Jordan Mechner founded Smoking Car Productions in 1993 to create The Last Express, the first real-time adventure game and one of the most innovative and expensive computer games ever made. Although Smoking Car was tightly run, the project took nearly four years to complete and included a month-long blue-screen filmshoot and a round-the-clock staff of up to 50 animators, artists, asset wranglers, and programmers.

Set on the Orient Express in 1914, you play Robert Cath, an American aboard the train's final journey from Paris to Constantinople before World War I. The game is inhabited by some 30 characters representing a dramatic cross-section of European forces at the time, including Serbian terrorists, a German arms dealer, Russian aristocrats, an Austrian spy posing as a concert violinist, a British secret agent, and an mysterious art collector. As the train races east, you must stay alive while interacting with these characters: eavesdropping on conversations, sneaking into compartments, defusing a bomb, getting attacked, and so on.

The 3 CD game was published on a combined Mac and PC disc in April 1997. Following a bidding war between all the major game publishers, Broderbund, Softbank, and GameBank had split the worldwide distribution rights for various platforms. There are six languages spoken in the game (which are subtitled for languages that Cath understands), and dubbed versions of Express were soon released in French, German, Spanish, Italian, and Japanese.
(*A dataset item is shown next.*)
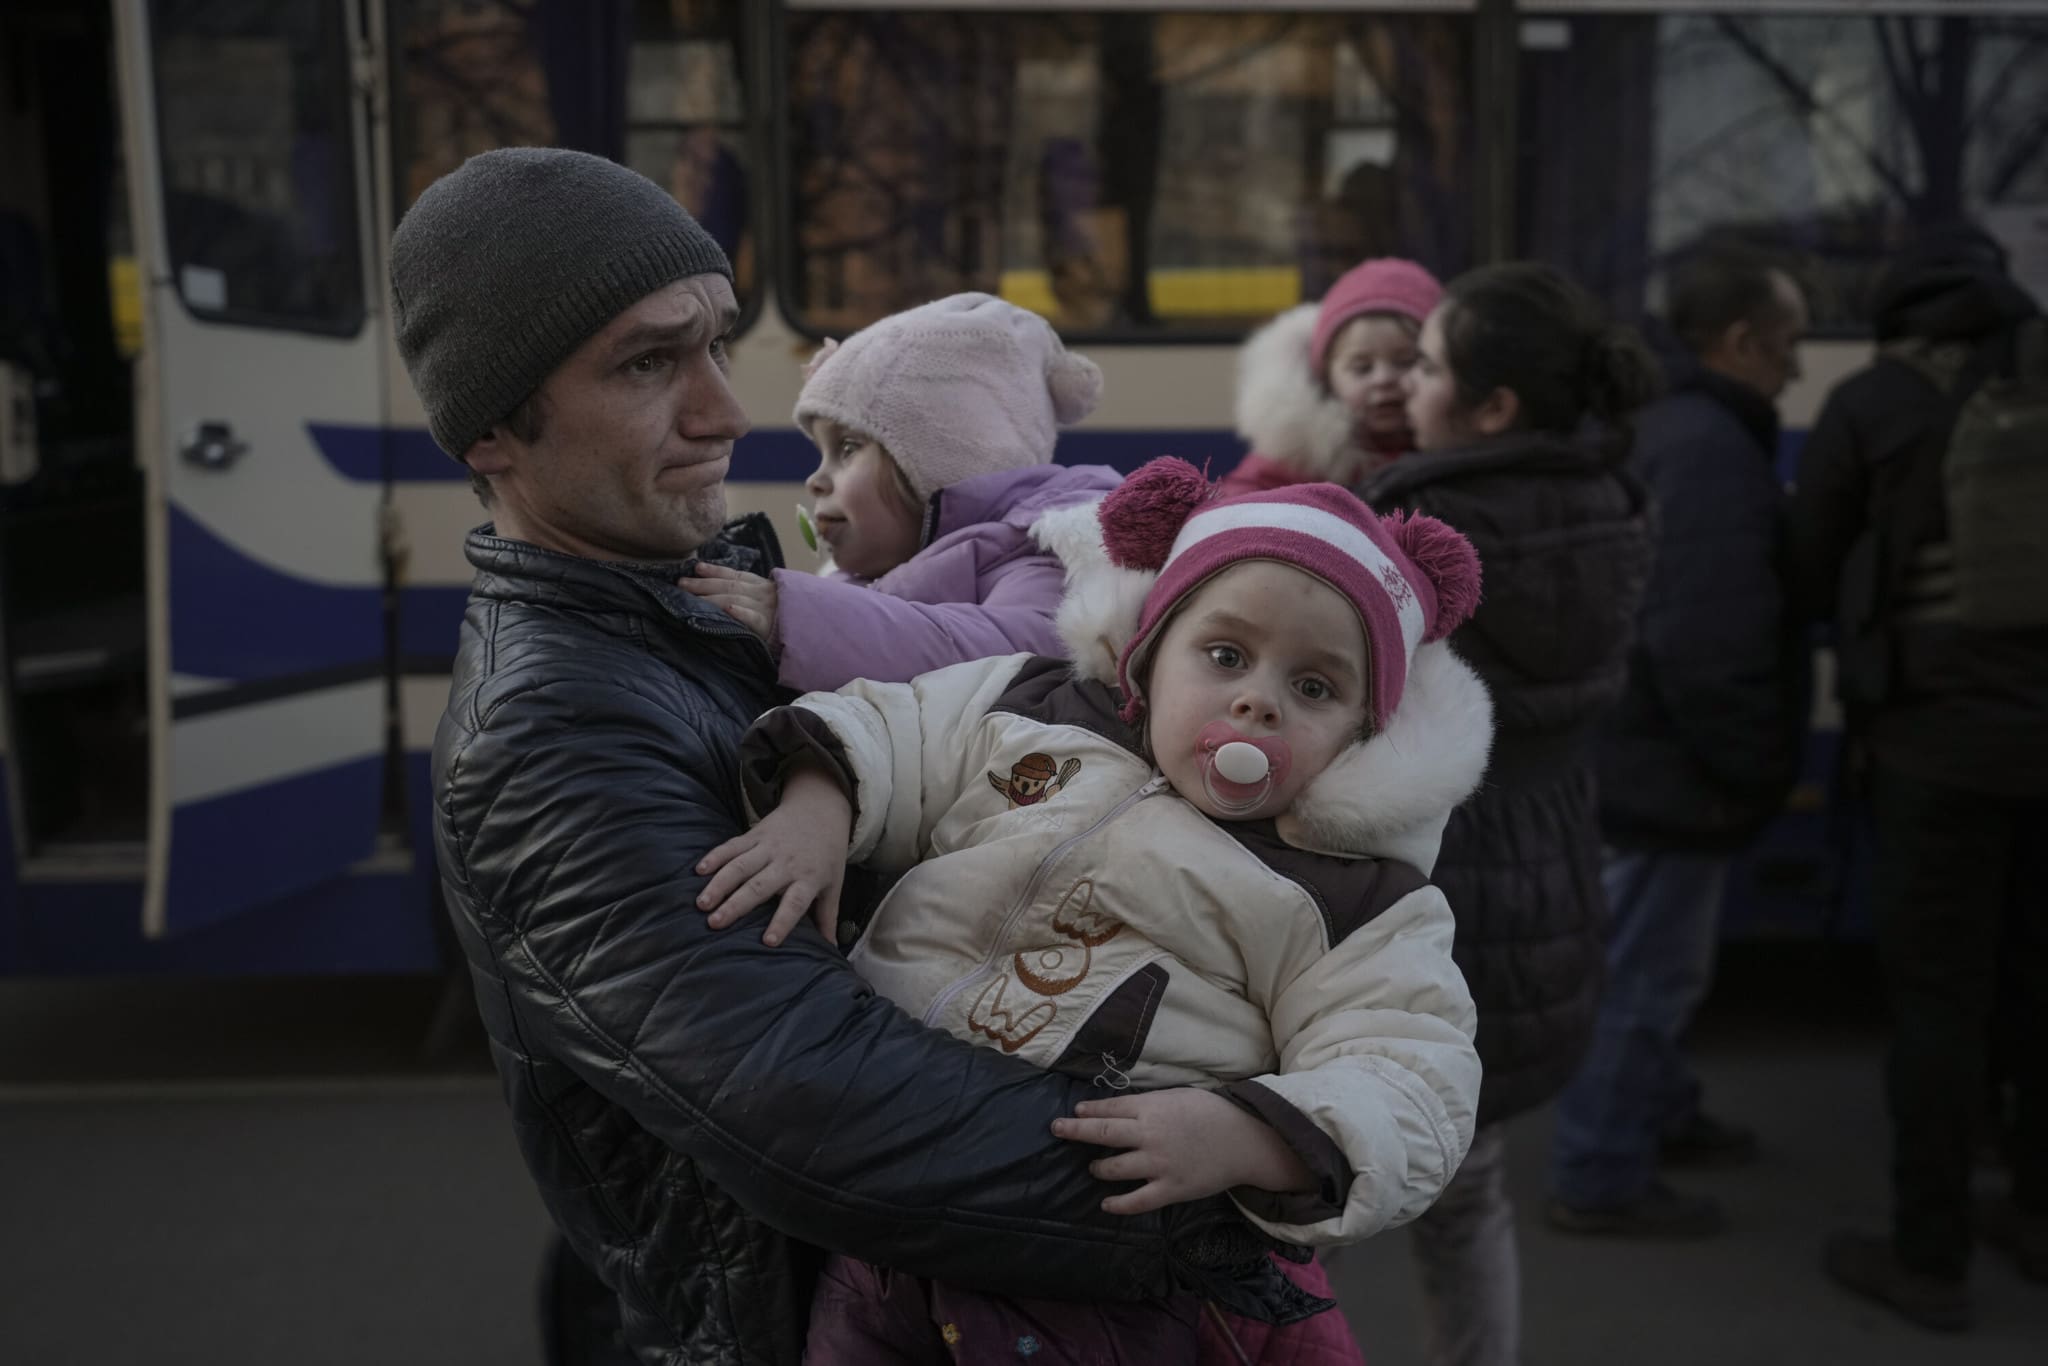 Ukraine, refugees

Express received rave reviews both in print and online. Newsweek called it "exquisite" and "thrilling" and MSNBC said "the mystery and characters are very fascinating" and "this game is definitely for everyone." GAMES magazine declared it the Best New Adventure and Role Playing Game, and it received Editor's Choice awards from PC Gamer, Computer Gaming World, Next Generation, and dozens of game websites, including a gold medal from Games Domain.

But Express only remained in stores for a few months. Broderbund's entire marketing department quit weeks before the game was released, resulting in no advertising for it. Softbank pulled out of the games market, dissolving its subsidiary GameBank and canceling several dozen titles in development, including the nearly finished PlayStation port of Express. Then Broderbund was acquired by The Learning Company, which was only interested in their educational and home productivity software. Express was out of print long before its first Christmas season and nearly a million units short of breaking even.

In 2000, the game publisher Interplay bought the lapsed rights and began quietly selling the game. A year later, they too were out of business, leaving fans to swap old copies on eBay. In 2006, the online service GameTap added the game to their library, where it is still available to their subscribers.

Yahoo! Games recently described The Last Express as "one of the finest adveture games ever made," a compelling experience more than a decade after it premiered.